CVE-2024-21604

Name of the Vulnerable Software and Affected Versions Juniper Networks Junos OS Evolved versions prior to 20.4R3-S7-EVO Juniper Networks Junos OS Evolved version 21.2R1-EVO and later versions Juniper Networks Junos OS Evolved versions 21.4-EVO prior to 21.4R3-S5-EVO Juniper Networks Junos OS Evolved versions 22.1-EVO prior to 22.1R3-S2-EVO Juniper Networks Junos OS Evolved versions 22.2-EVO prior to 22.2R3-EVO Juniper Networks Junos OS Evolved versions 22.3-EVO prior to 22.3R2-EVO Juniper Networks Junos OS Evolved versions 22.4-EVO prior to 22.4R2-EVO

Description An Allocation of Resources Without Limits or Throttling issue in the kernel of Juniper Networks Junos OS Evolved allows an unauthenticated, network-based attacker to cause a Denial of Service (DoS). If a high rate of specific valid packets are processed by the routing engine (RE), this will lead to a loss of connectivity of the RE with other components of the chassis and thereby a complete and persistent system outage. A carefully designed lo0 firewall filter can block or limit these packets, which should prevent this issue from occurring.

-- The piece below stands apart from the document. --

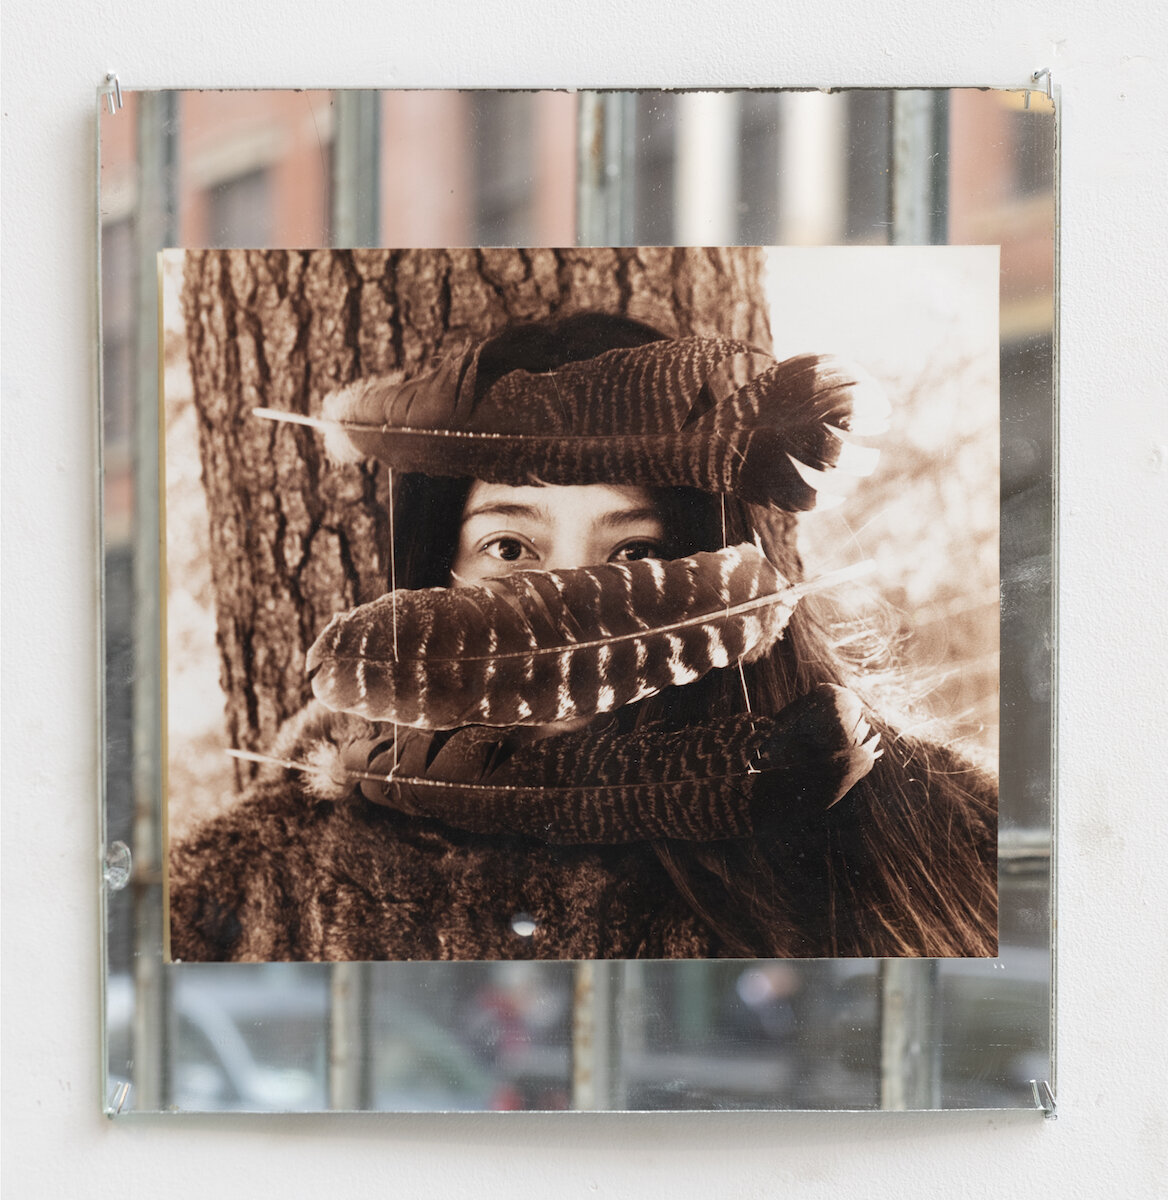   Feather Mask , 2002, sepia-toned photograph on mirror, 11.5 x 11.5 in, Image courtesy of the Sol LeWitt Collection 
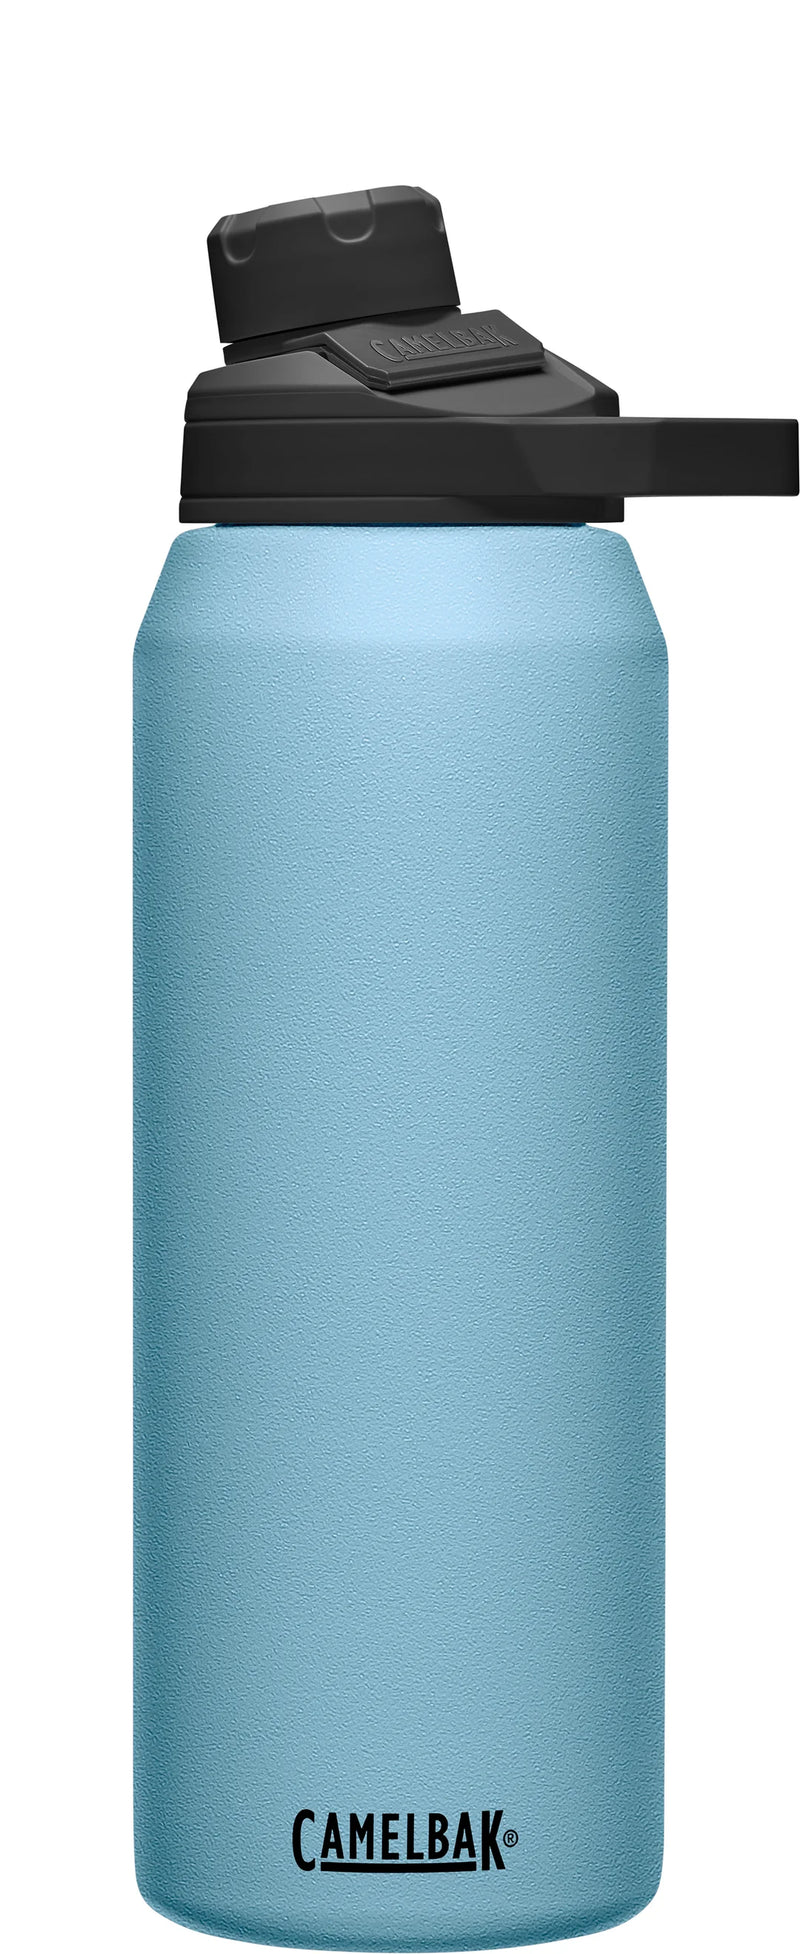 Camelbak Chute Mag Stainless Steel Vacuum Insulated 1L Flask

Recommendations For versions prior to 20.4R3-S7-EVO, update to version 20.4R3-S7-EVO or later. For version 21.2R1-EVO and later versions, ensure a carefully designed lo0 firewall filter is in place to block or limit specific valid packets. For versions 21.4-EVO prior to 21.4R3-S5-EVO, update to version 21.4R3-S5-EVO or later. For versions 22.1-EVO prior to 22.1R3-S2-EVO, update to version 22.1R3-S2-EVO or later. For versions 22.2-EVO prior to 22.2R3-EVO, update to version 22.2R3-EVO or later. For versions 22.3-EVO prior to 22.3R2-EVO, update to version 22.3R2-EVO or later. For versions 22.4-EVO prior to 22.4R2-EVO, update to version 22.4R2-EVO or later. As a temporary workaround, consider implementing a carefully designed lo0 firewall filter to block or limit specific valid packets until a patch is available.